Task details:
Pictures must not appear in the copy. Reproduce exactly, and only, the lines from the one with "Calgary to Edmonton - Red Arrow" through the end of the data below.

Data shown:
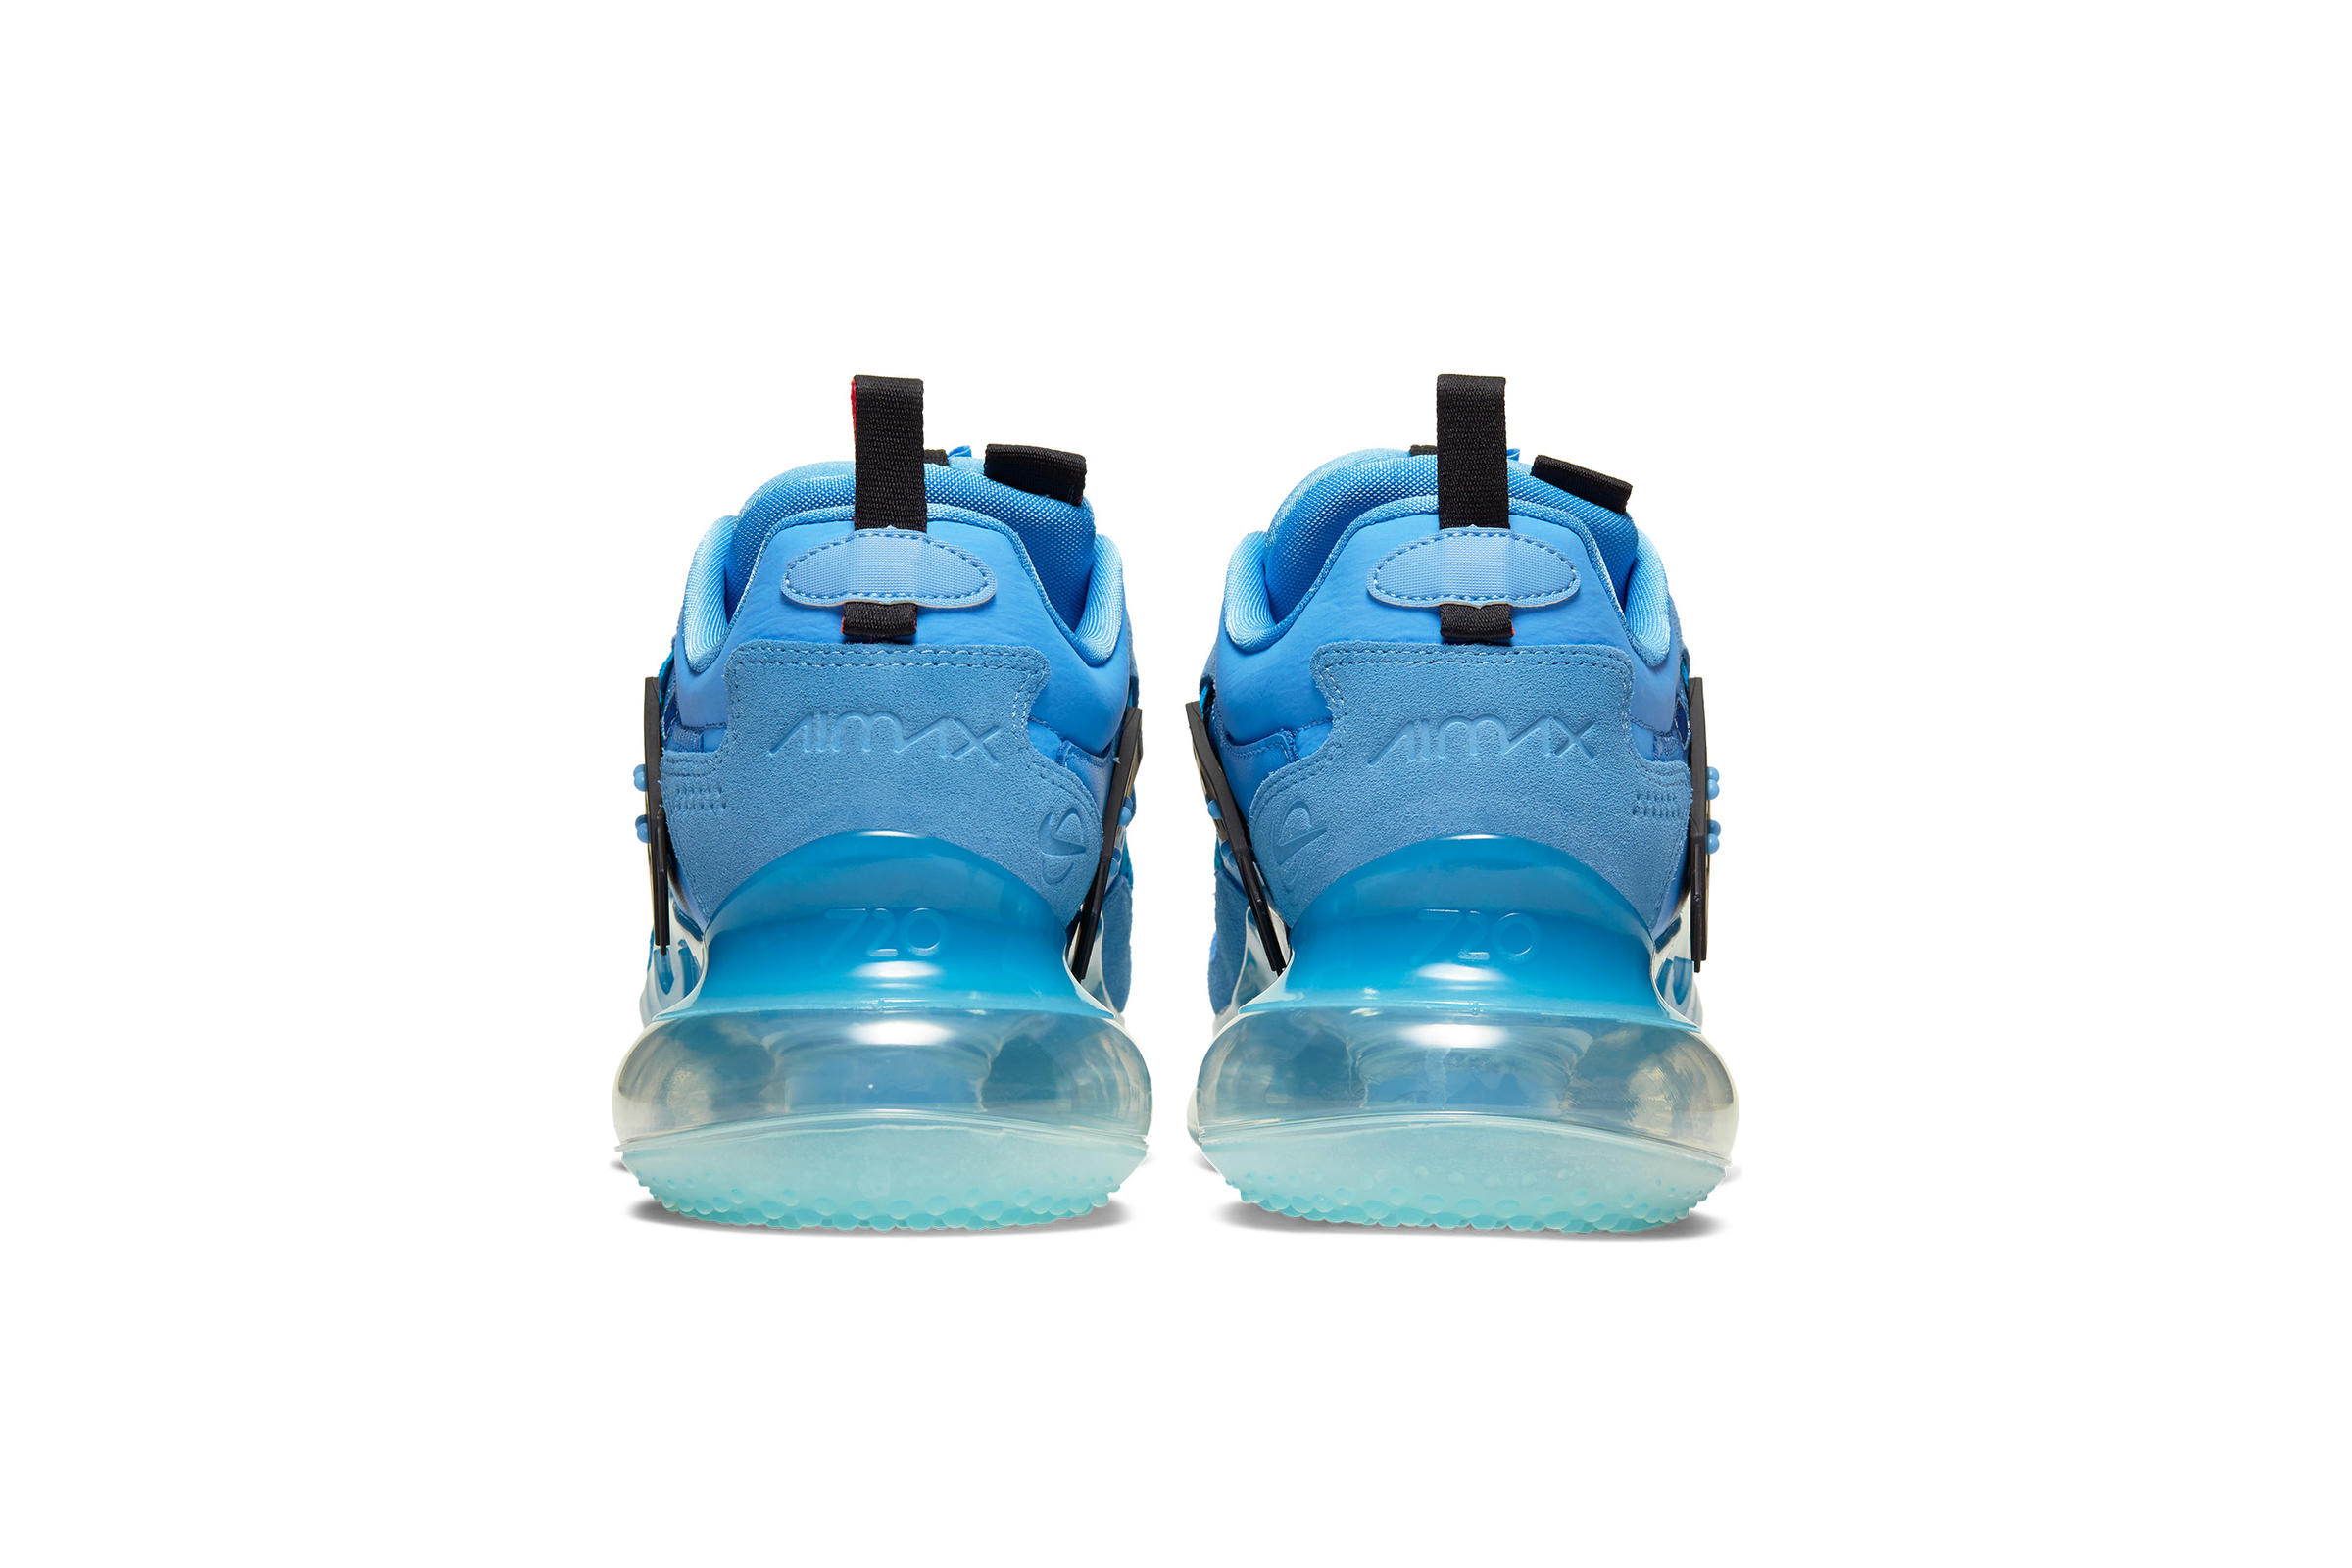 Nike AIR MAX 720 OBJ SLIP "UNIVERSITY BLUE"
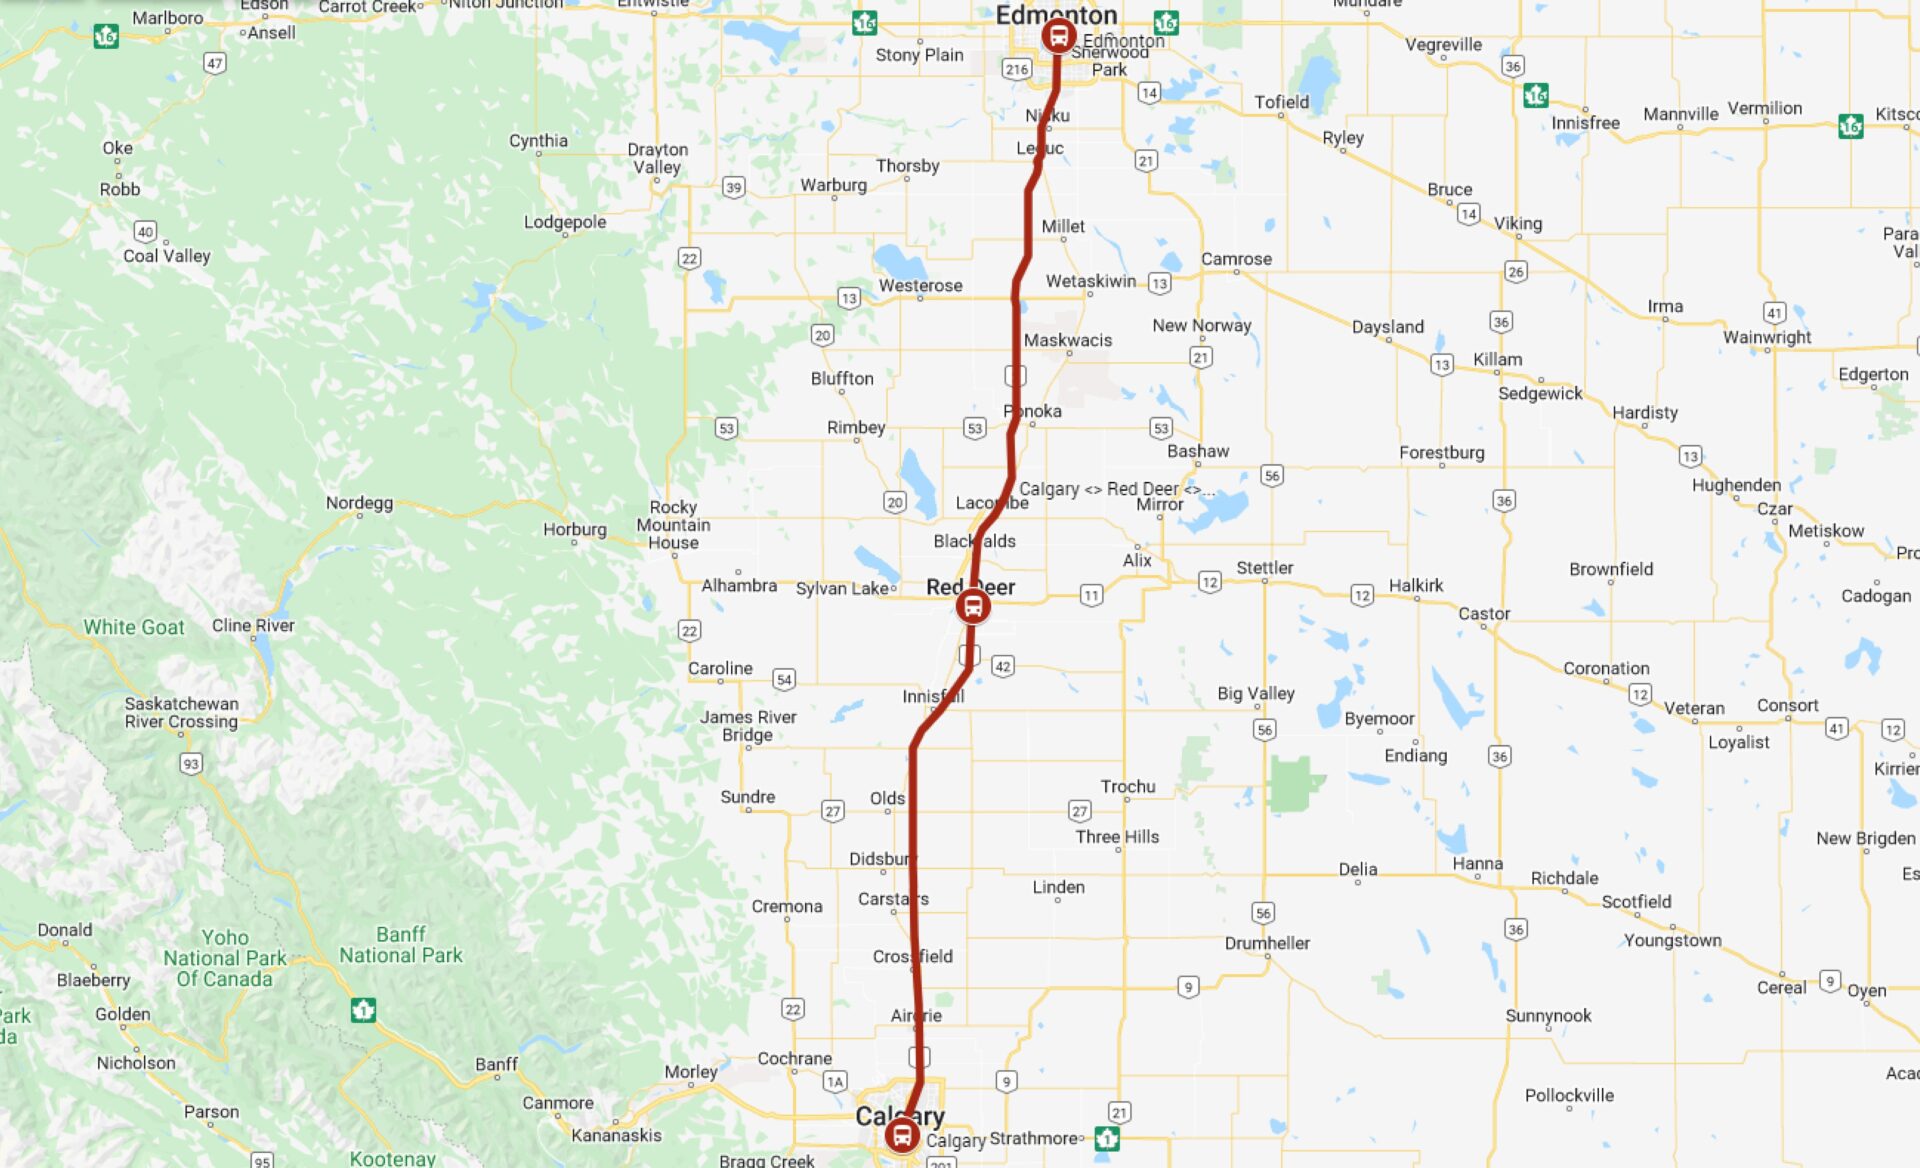 Calgary to Edmonton - Red Arrow
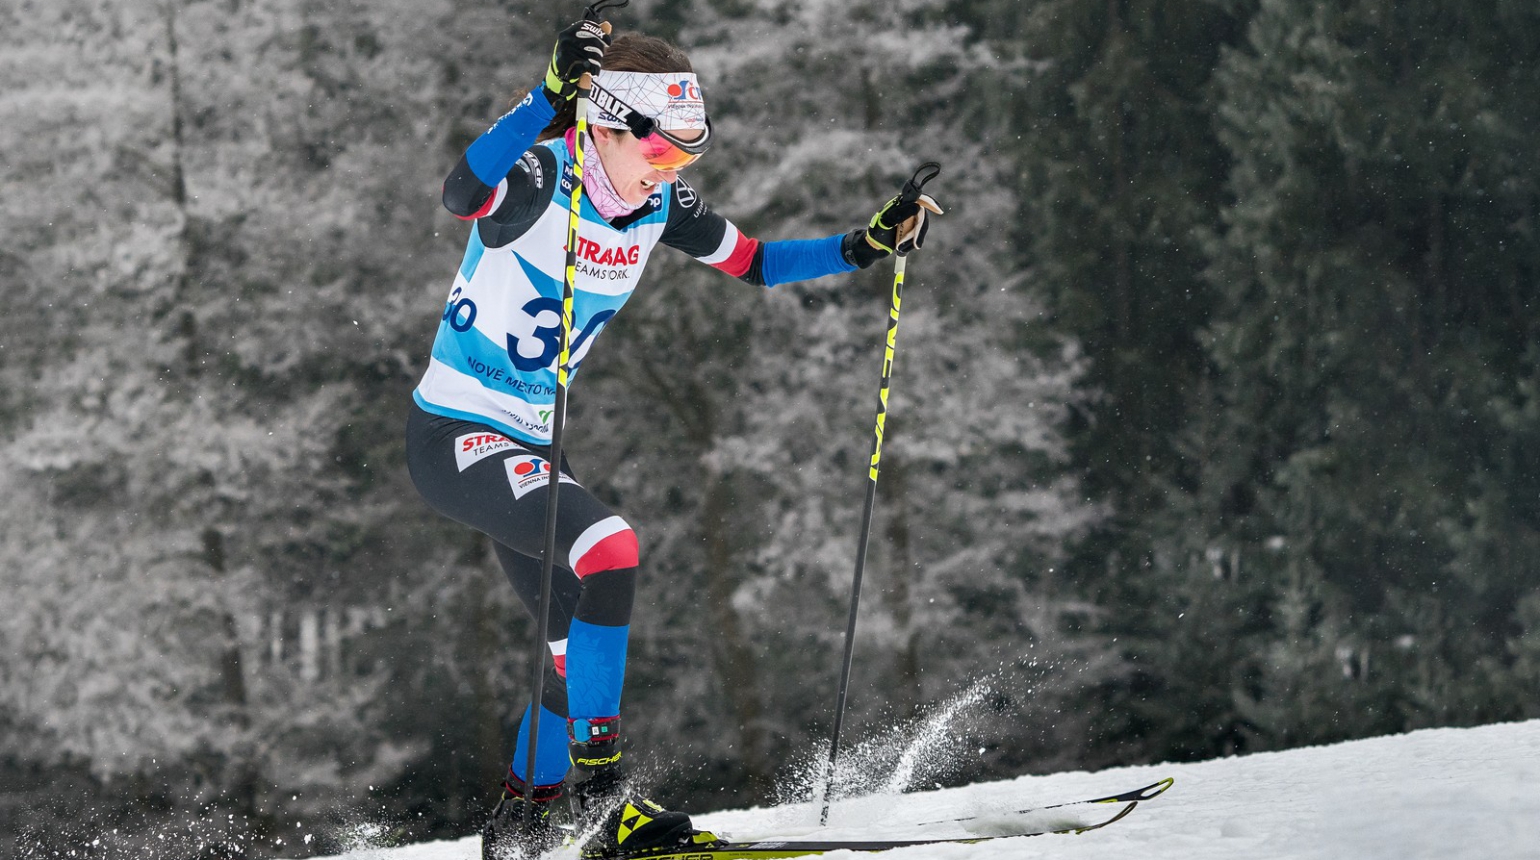 Tour de Ski: Razýmová se ve stíhačce probila do elitní desítky! V Toblachu si dojela pro 9. místo

Response box:
 Calgary to Edmonton - Red Arrow
 Tour de Ski: Razýmová se ve stíhačce probila do elitní desítky! V Toblachu si dojela pro 9. místo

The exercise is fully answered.